“Sabotage,” pencil on paper, by T.S. Abe, 2008. Used with permission.

by Raymond Philip Asaph

A social researcher, she had actually been affiliated with Harvard University, part of the team which had issued an important, ignored report on the mental health of the American people. Normally, credentials didn’t faze me; but this was a credential that rocked. She was also nice to look at, and I was looking a lot.

A pretty middle-ager who knew she was pretty, she wore a white jacket over a button-down blouse and a pair of pressed jeans. Her jewelry was a series of subtle accents, rather than anchors, and her voice rose beautifully from the belly. She was the kind of woman other women would be quick to notice, but slow to condemn. She wore her sunglasses easily in her hair, tilted her head with an alert intelligence and had a habit of touching her hip, an unconscious gesture which heightened my attention and inflated my chest.
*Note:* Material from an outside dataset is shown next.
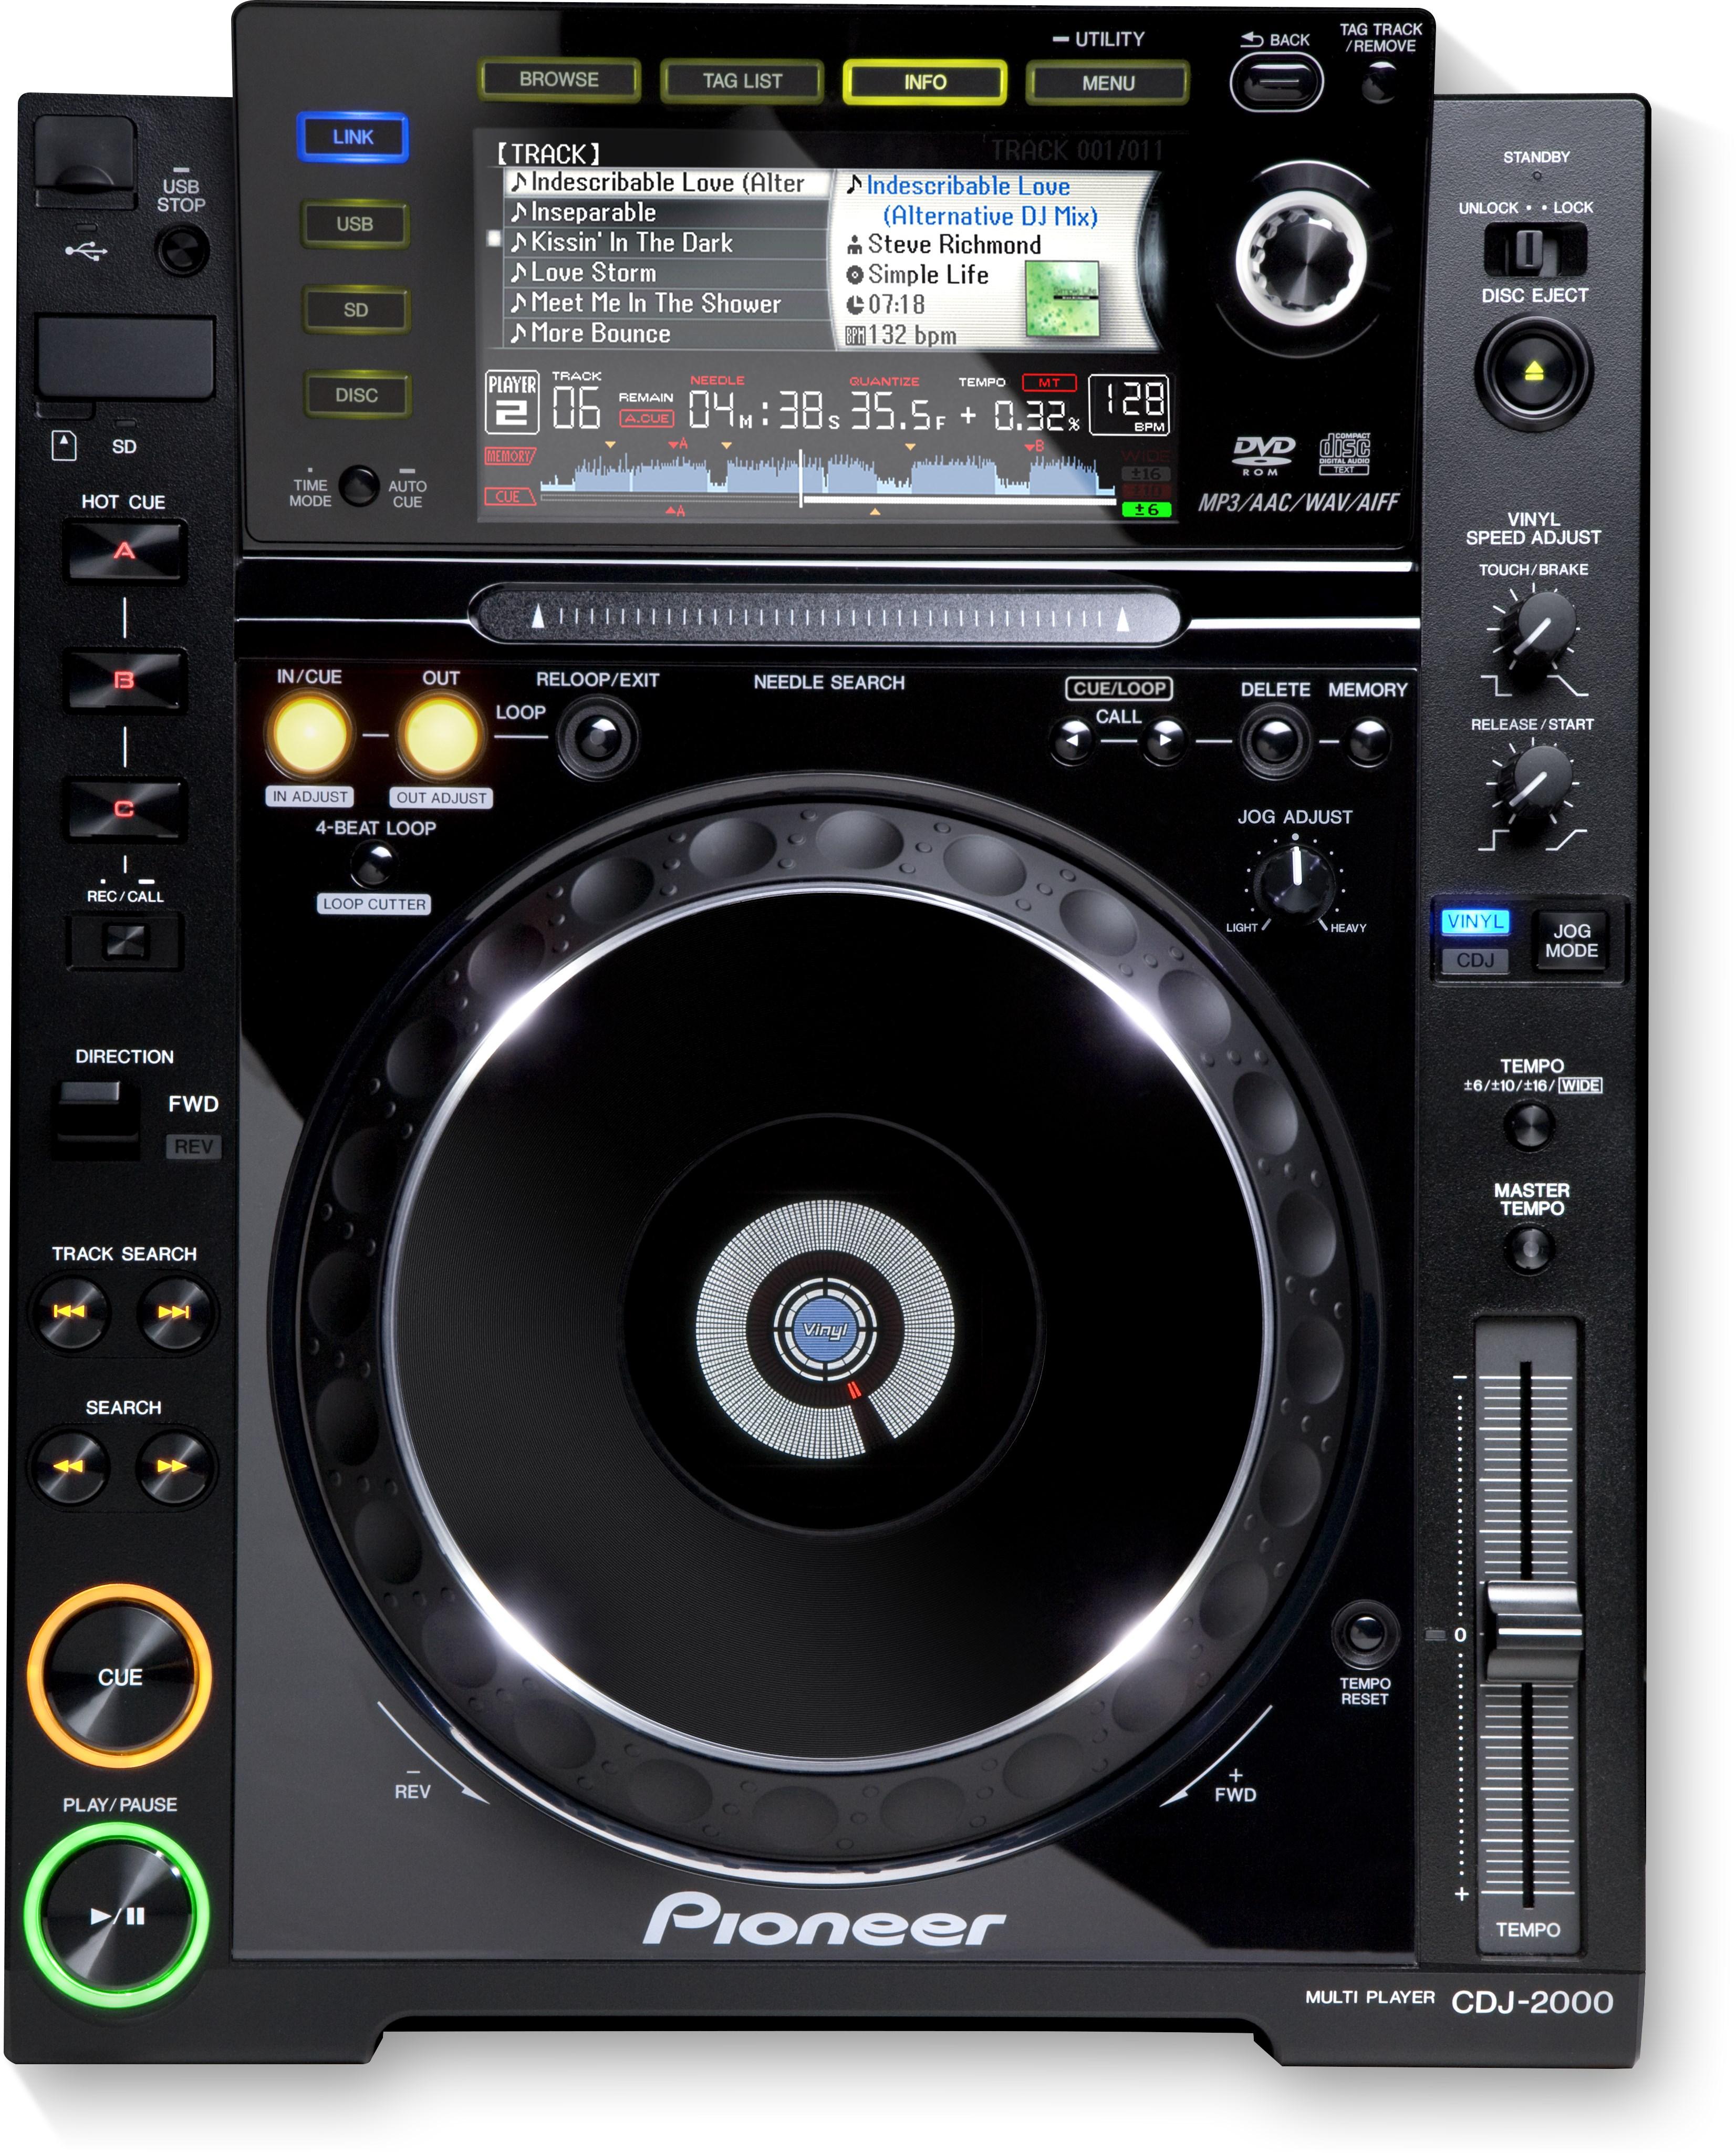 CDJ-2000

New to The Island and therefore probably shocked by the impossible cost of living and the impertinence of clerks and cashiers, she was a stranger to me, a name on some wooden crates in our warehouse where her stuff had been in storage for a month. I was one of three gentlemen making the local delivery, the one with the faded bandana on his head, a tiny diamond shining in his ear and a beard that was sprouting gray hair. I also had a case of God-begging loneliness. My life was a desert and women were water. So, yes, I definitely wanted to impress her. Maybe flash a credential of my own.

Briefly, I considered telling her that I was not only an artist in the field of furniture moving, but a writer who had once won a free ride through college on the basis of ten pages of poetry. Like all unpublished authors, though, I dreaded the inevitable question, Have you published a book yet? And so, smiling like a guy in a toothpaste commercial as I humped her belongings into her new home, I kept hoping the lady would catch a glimpse of my soul. Or at least notice my flexing biceps.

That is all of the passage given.